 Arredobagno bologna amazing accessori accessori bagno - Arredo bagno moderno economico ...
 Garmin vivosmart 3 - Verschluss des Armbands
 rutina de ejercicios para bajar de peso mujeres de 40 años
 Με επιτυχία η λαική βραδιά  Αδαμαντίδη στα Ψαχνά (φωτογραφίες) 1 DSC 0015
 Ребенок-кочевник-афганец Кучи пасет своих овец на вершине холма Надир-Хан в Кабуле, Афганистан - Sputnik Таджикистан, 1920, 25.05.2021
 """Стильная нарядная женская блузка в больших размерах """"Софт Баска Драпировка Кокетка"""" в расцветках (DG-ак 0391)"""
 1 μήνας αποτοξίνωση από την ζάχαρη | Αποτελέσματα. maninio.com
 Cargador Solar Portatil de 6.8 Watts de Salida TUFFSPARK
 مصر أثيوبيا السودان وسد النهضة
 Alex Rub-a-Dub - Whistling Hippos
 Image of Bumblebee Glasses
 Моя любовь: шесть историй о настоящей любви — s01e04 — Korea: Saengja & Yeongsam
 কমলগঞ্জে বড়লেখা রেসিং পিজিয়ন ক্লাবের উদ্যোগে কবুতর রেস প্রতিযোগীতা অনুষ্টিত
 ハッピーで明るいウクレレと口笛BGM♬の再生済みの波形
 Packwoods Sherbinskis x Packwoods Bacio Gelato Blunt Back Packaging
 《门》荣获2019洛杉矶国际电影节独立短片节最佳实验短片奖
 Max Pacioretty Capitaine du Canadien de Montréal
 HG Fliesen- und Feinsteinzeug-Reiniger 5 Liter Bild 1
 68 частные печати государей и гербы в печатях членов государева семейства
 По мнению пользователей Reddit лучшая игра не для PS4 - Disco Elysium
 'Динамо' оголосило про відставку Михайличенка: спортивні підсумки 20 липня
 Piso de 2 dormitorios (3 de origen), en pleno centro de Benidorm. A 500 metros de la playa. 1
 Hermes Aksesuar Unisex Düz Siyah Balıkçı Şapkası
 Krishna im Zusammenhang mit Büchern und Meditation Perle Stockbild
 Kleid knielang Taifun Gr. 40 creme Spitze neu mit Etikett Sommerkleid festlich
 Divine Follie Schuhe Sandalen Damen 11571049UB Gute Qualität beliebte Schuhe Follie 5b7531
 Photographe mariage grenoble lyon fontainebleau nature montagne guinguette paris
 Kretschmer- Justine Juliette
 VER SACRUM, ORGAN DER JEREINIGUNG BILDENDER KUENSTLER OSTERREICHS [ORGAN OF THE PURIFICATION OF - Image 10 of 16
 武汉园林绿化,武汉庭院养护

### Try it
This exercise asks for an exact repeat of the lines from the one holding "Kretschmer- Justine Juliette" through the end of the data above.

### Solved problem
 Kretschmer- Justine Juliette
 VER SACRUM, ORGAN DER JEREINIGUNG BILDENDER KUENSTLER OSTERREICHS [ORGAN OF THE PURIFICATION OF - Image 10 of 16
 武汉园林绿化,武汉庭院养护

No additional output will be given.